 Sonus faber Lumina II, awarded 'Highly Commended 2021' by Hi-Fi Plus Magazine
...
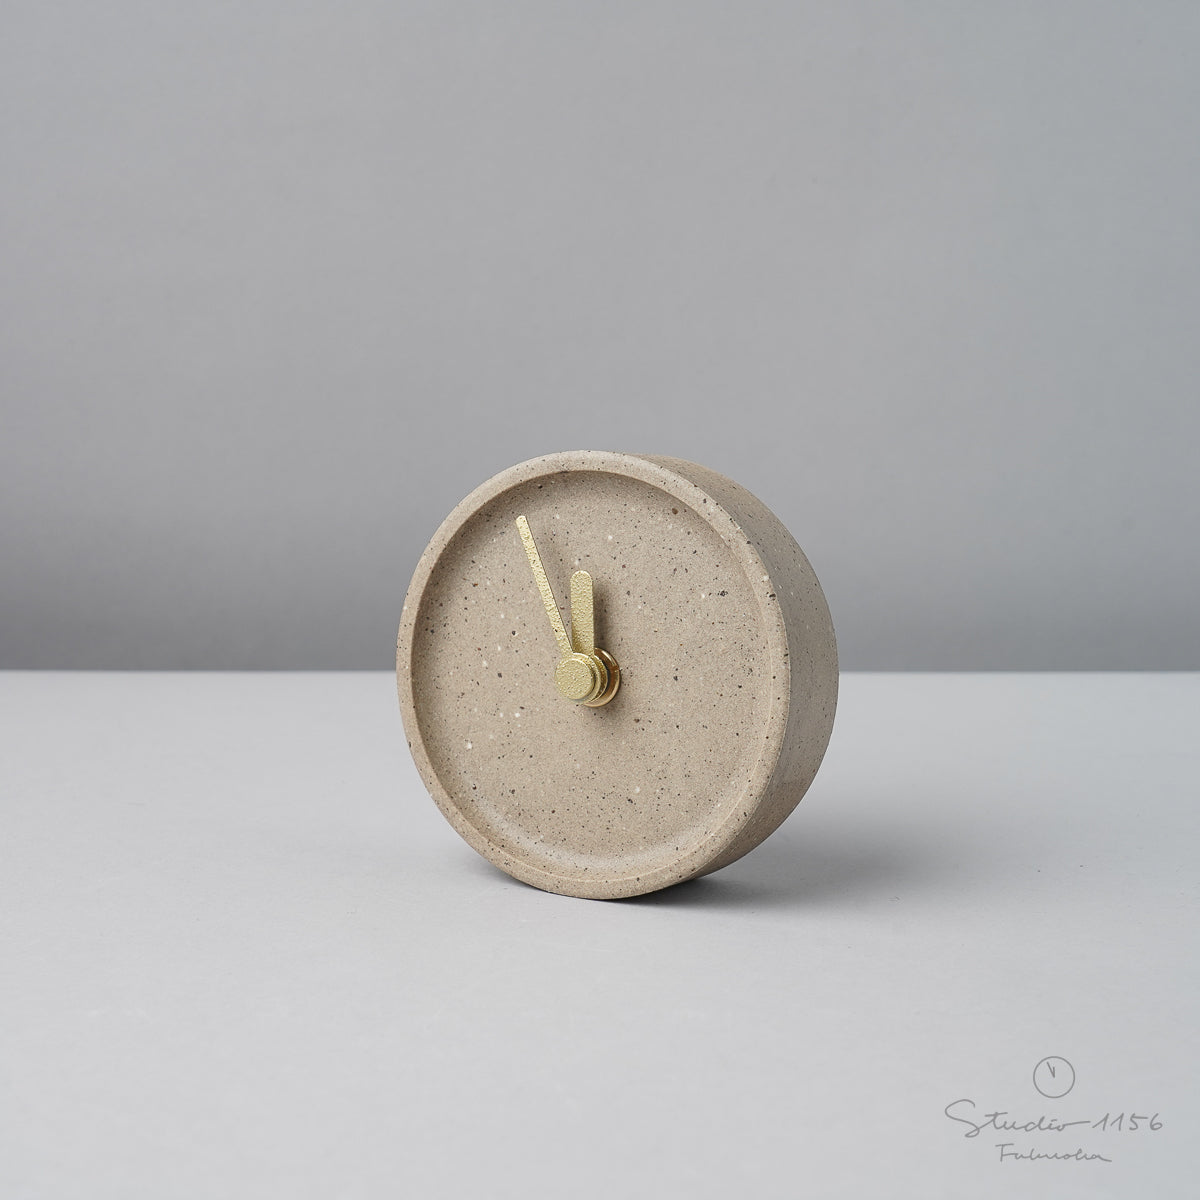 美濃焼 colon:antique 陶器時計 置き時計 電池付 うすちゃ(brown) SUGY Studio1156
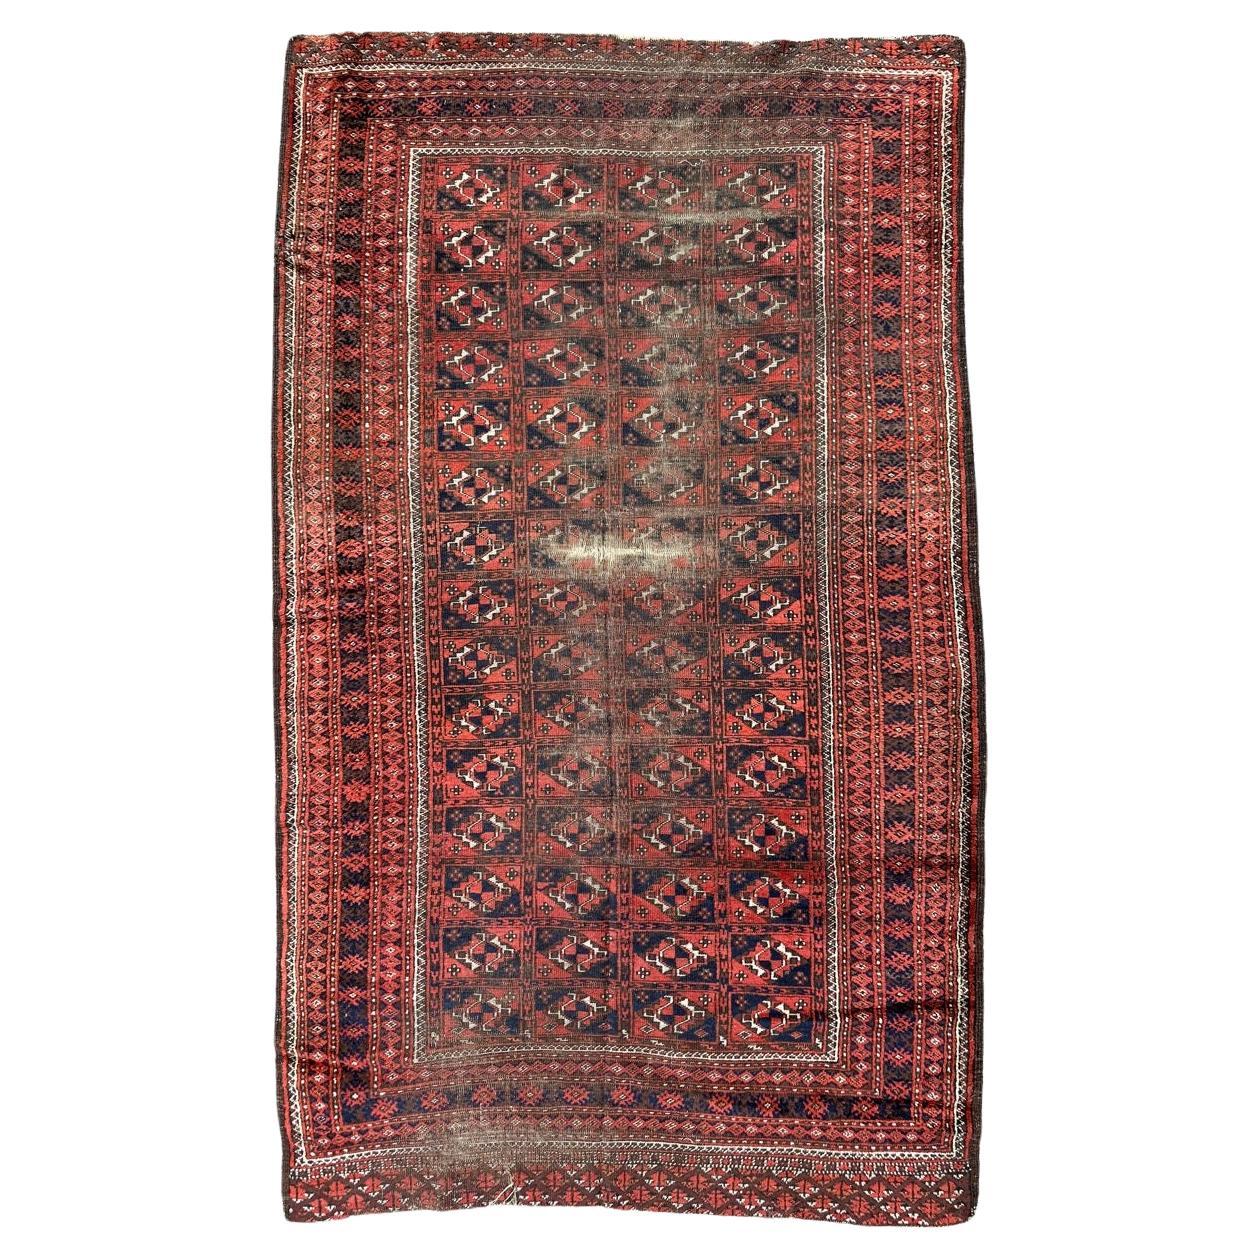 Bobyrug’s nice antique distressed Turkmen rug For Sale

** TASK TO CARRY OUT **
Reproduce exactly, with no pictures, the lines above from the one holding "美濃焼 colon:antique 陶器時計" to the one holding "Bobyrug’s nice antique", inclusive.

** TASK SOLUTION **
 美濃焼 colon:antique 陶器時計 置き時計 電池付 うすちゃ(brown) SUGY Studio1156
 Bobyrug’s nice antique distressed Turkmen rug For Sale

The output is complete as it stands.